Work to be completed: Whenever the word "Jardin" shows up in a line of the data, copy that line.
** Opening Input for this task block **
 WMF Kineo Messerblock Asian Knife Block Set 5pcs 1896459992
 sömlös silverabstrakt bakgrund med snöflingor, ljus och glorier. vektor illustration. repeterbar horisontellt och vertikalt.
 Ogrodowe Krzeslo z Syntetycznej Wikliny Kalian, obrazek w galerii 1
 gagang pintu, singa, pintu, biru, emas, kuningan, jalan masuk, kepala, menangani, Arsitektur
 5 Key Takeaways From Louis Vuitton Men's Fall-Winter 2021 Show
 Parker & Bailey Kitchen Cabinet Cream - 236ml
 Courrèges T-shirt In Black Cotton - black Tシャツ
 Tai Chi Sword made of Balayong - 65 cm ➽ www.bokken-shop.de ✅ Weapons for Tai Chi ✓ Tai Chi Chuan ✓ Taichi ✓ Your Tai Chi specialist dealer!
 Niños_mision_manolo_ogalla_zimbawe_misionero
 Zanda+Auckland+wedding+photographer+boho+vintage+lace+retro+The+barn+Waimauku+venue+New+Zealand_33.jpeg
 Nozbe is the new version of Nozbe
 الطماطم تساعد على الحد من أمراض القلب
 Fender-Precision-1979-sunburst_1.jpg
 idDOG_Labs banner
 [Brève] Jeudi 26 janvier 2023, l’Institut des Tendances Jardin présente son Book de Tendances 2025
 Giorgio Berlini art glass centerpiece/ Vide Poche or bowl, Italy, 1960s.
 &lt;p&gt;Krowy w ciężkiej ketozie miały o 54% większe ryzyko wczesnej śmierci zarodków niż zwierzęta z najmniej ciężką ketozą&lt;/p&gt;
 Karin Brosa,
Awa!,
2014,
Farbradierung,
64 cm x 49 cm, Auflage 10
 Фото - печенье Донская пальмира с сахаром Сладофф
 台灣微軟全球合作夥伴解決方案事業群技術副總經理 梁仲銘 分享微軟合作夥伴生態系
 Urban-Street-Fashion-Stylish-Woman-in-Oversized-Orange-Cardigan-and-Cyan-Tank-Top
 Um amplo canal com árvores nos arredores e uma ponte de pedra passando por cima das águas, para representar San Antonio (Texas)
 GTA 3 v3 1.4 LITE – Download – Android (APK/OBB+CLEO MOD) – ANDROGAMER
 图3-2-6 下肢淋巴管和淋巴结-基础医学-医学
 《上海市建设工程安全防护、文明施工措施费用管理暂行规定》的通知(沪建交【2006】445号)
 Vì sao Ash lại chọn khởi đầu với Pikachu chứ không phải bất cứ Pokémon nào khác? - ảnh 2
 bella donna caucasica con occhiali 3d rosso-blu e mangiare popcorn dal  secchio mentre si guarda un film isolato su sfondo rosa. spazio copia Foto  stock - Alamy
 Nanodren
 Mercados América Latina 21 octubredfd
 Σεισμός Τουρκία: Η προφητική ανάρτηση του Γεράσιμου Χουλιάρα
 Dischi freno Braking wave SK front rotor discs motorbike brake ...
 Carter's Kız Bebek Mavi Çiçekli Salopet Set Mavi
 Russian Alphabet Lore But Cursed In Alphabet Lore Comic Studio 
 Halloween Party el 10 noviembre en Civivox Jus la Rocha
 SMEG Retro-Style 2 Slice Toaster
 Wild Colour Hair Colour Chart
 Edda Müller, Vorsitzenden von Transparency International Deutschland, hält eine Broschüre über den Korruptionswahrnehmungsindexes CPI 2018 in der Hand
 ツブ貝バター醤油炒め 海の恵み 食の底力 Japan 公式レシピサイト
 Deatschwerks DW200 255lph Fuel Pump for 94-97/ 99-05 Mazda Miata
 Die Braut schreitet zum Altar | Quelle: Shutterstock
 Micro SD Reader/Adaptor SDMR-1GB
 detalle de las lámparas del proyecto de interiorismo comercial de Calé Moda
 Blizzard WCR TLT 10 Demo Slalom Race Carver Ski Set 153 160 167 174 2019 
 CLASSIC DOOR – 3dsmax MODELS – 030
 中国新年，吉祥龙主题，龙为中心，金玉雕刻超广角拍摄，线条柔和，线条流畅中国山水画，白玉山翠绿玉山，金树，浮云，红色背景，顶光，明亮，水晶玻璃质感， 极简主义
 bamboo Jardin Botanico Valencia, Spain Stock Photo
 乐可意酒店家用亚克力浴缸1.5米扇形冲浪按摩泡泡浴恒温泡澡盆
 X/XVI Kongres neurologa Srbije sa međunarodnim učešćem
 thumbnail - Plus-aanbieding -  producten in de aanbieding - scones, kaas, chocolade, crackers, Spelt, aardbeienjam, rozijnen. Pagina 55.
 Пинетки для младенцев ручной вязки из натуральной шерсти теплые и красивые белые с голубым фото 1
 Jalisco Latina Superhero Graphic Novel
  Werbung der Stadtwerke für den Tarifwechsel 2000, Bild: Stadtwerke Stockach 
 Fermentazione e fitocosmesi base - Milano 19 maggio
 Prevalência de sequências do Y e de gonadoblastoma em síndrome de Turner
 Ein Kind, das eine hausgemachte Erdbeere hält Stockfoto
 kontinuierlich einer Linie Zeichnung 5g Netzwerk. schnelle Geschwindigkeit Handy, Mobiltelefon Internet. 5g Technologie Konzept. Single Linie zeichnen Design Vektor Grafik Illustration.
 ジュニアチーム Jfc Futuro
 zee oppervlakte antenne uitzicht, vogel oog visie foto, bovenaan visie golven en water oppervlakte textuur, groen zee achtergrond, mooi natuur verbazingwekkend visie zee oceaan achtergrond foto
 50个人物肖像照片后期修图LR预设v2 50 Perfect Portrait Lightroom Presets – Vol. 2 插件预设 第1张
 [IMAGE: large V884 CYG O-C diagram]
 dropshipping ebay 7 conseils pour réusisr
** Closing Input for this task block **
Completed task:
 [Brève] Jeudi 26 janvier 2023, l’Institut des Tendances Jardin présente son Book de Tendances 2025
 bamboo Jardin Botanico Valencia, Spain Stock Photo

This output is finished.